Private Hartford, 10th Oct 1851
Although it is some time since I have seen or heard from you, except through the Columns of the Statesmen, I assume the privilege belonging to an old brothers soldier in the democratic cause of writing you. In the confusion and derangement of parties, commencing in the action of the Ba[l]timore convention of 1844 there have been and still are alienations and disagreement, but in the main the great body of the party are well disposed. Generally our views have corresponded, for I have been a pretty attentive reader of your paper - and in the embarrassed situation of parties, I have been better pleased with the course of the Ohio democracy than that of almost any other State.
In the efforts that have been made, and are still making to establish a new test in the democratic creed, which certain of our friends at the South imperiously exort and others of our friends in the north obsequiously adopt, I have not sympathized. Indeed I cannot without violence to my convictions and an abandonment of my political principles. If the Fugitive Slave law is not an assumption of power on the part of the central government, the alien and sedition laws were not, and the principle embodied in the Kentucky and Virginia resolutions of 1798 and '99 are equally applicable to the law of 1850. There is no grant of power to congress in either case, and the last named act is the worst unwarrantable violation of the rights and sover[e]ignty of the States we have ever witnessed.  The South, in my opinion, are committing a fatal error in urging and insisting on this law. The claus[e] in the Constitution is a mere compact among the States, wherein each State binds itself to two things - first that the State will pass no law relieving a fugitive from service owed in another state - Second that the State will deliver him up on claim from the person to whom service is due. It was the true policy of the South to have demanded that the States should each fulfill its constitutional obligations, and to that end have repealed the law 1793 which was drawn up by George Cabot afterwards President of the Hartford Convention - a consolidationist, who favored a strong central government and opposed the State rights doctrines.

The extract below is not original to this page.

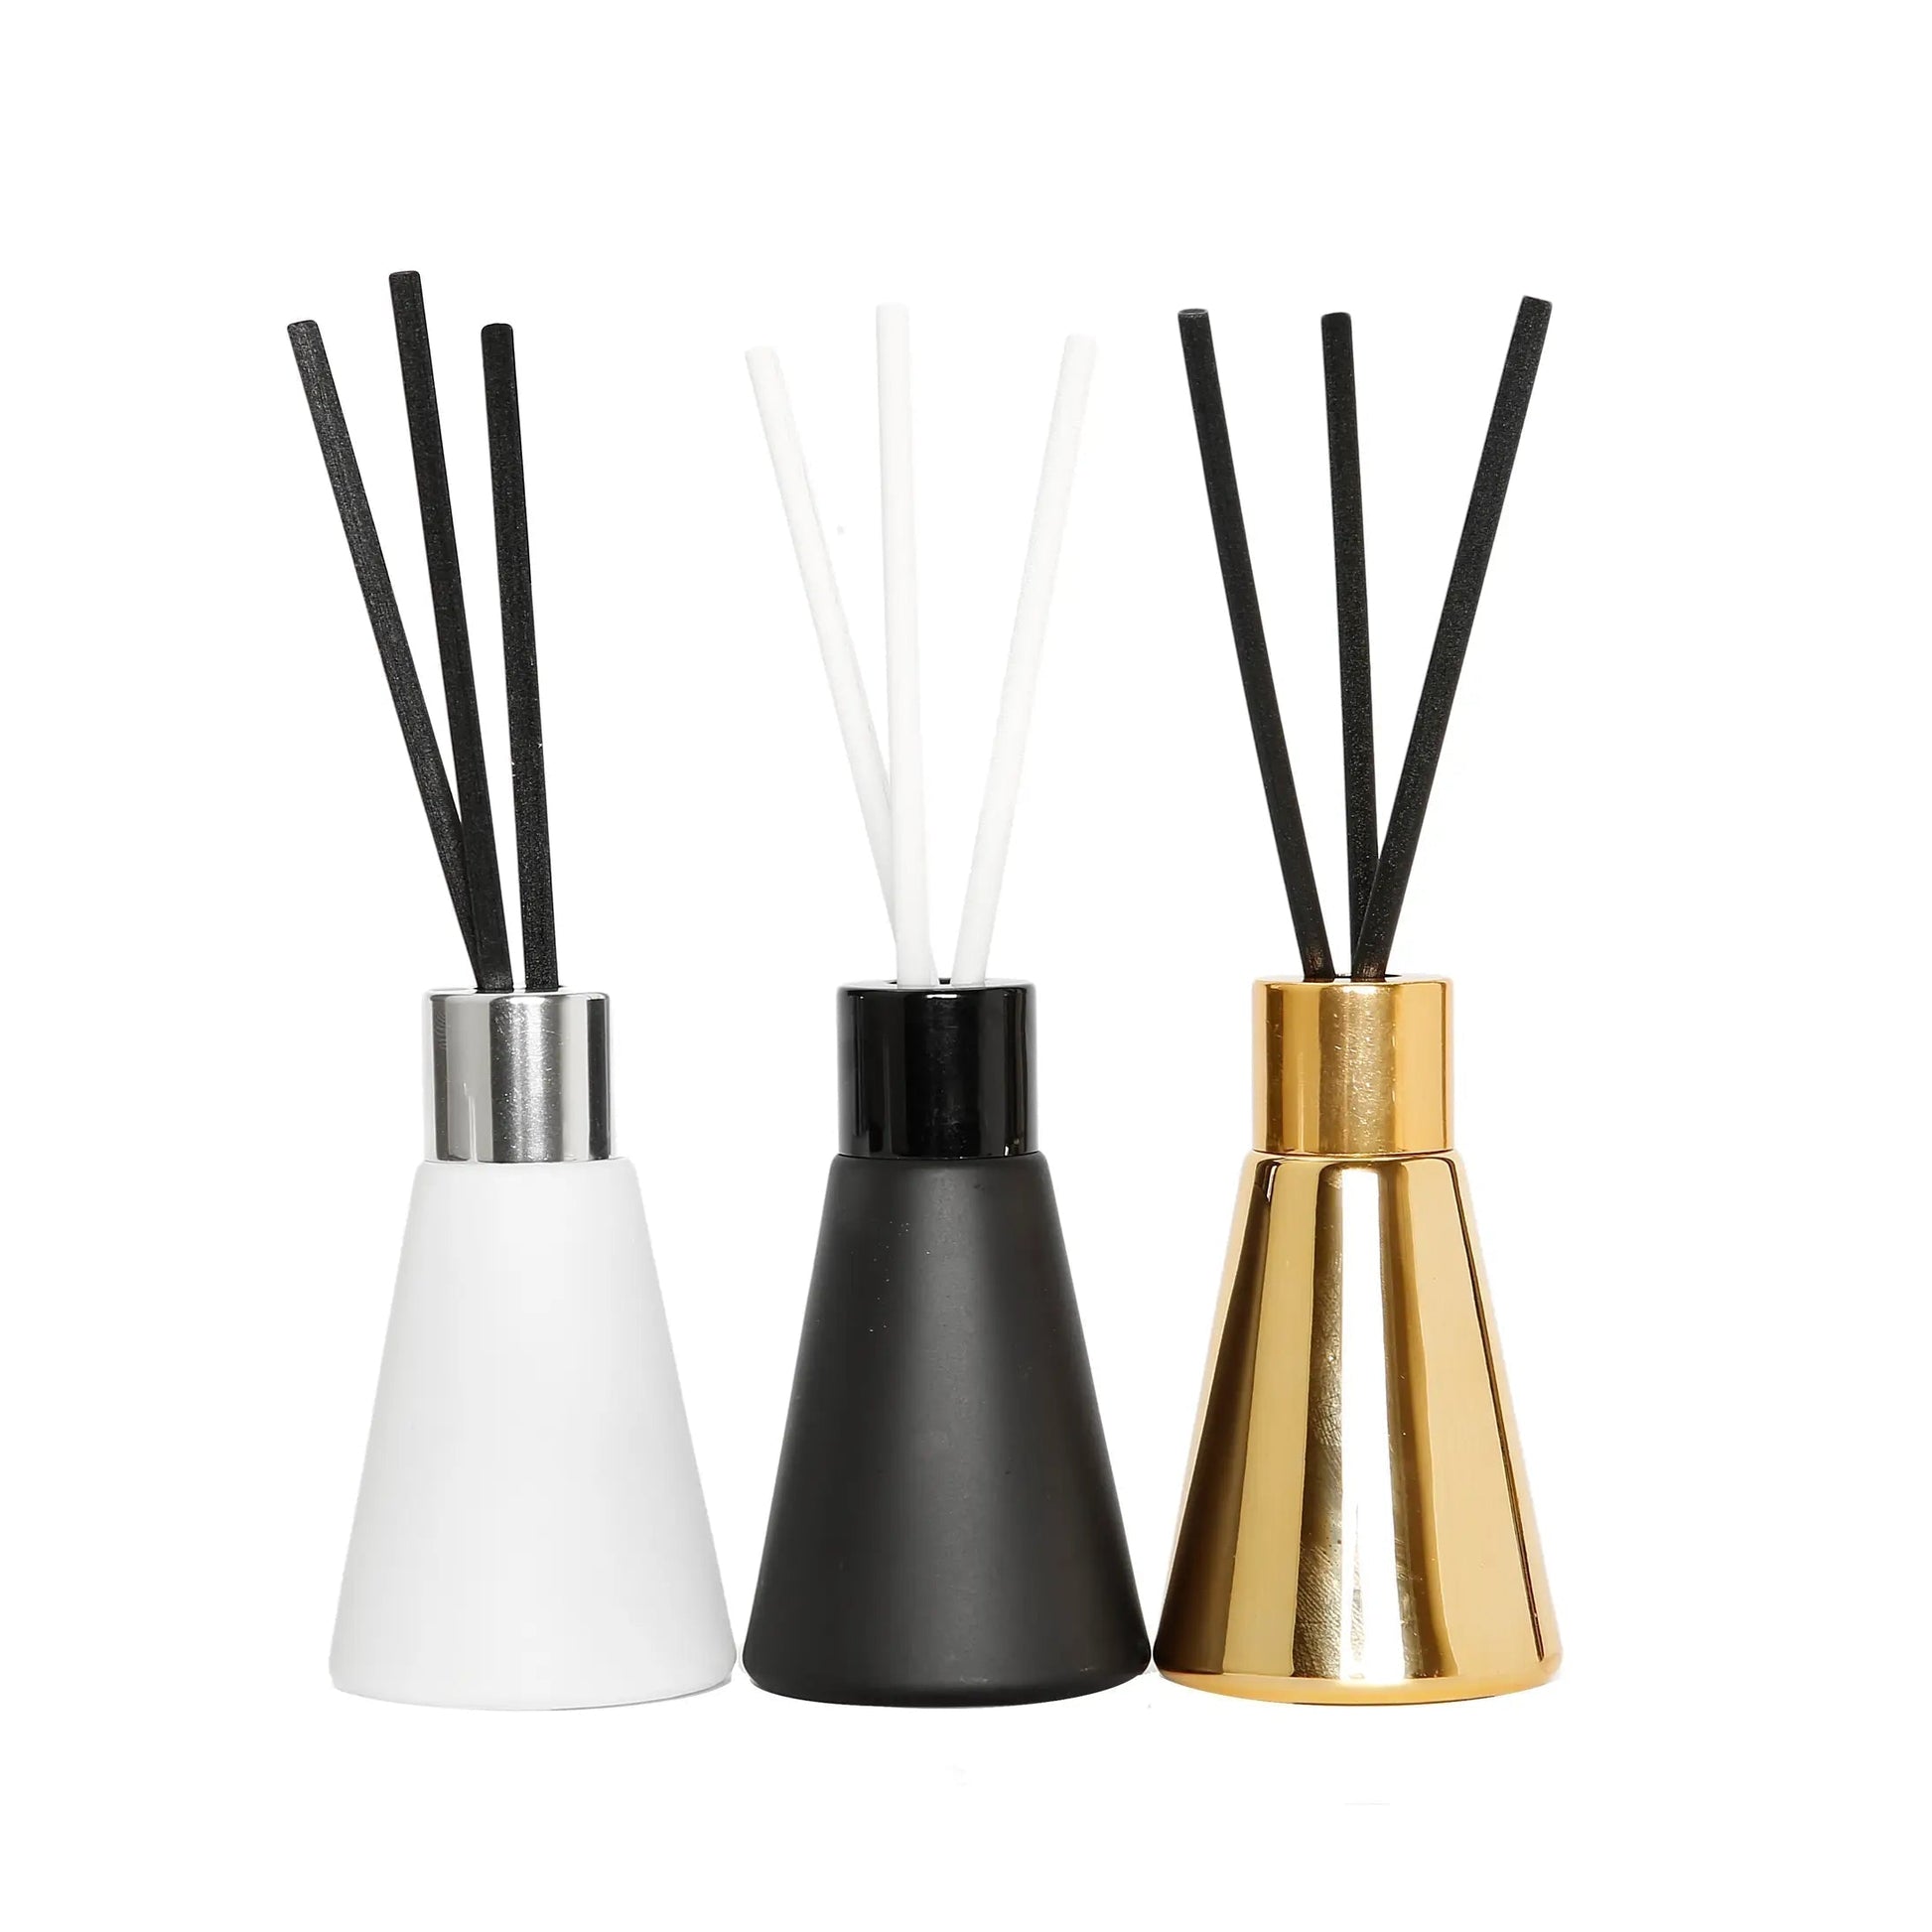 White, Black & Gold Gift Diffuser Set of 3 Diffuser High Class Touch - Home Decor

But the great interest involved has made our Southern friends oblivious to the fundamental doctrines of the party and the teachings of Jefferson, and in their desire to get their runaways, they forget or are unmindful of constitutional rights & restrictions. Not only this departure from the faith on primitive principles, it has I fear had a corrupting tendency in other respects. In no other way can I account for the indifference manifested respecting the stupendous frauds and improper practices involving high official delinquents.
The Fugitive Slave law has done more to break down a correct public opinion and sweep away the distinctions of party through the North than any thing that has occurred in my day. What, I often ask my friends who are striving with the Whigs to maintain "the Compromise", are the distinctions between the democrats and the whigs, if this is your test? You have different organizations it is true, but wherein do your principles differ? The Whigs can without inconsistency support this law, because they do not hold to a strict  construction of the Constitution - they are not believers in the rights & sover[e]ignty of the States, but are advocates of a strong, over shadowing central government. Supposing the State of Ohio were to enact a law in conformity with their constitutional obligations for the rendition of fugitives - requiring their own officers to arrest, try & surrender them. Does any one question her right or authority to do so? No one can. If however the State can do this, the general government cannot, for it is either a granted or a reserved power. The power is not granted to congress and is consequently reserved.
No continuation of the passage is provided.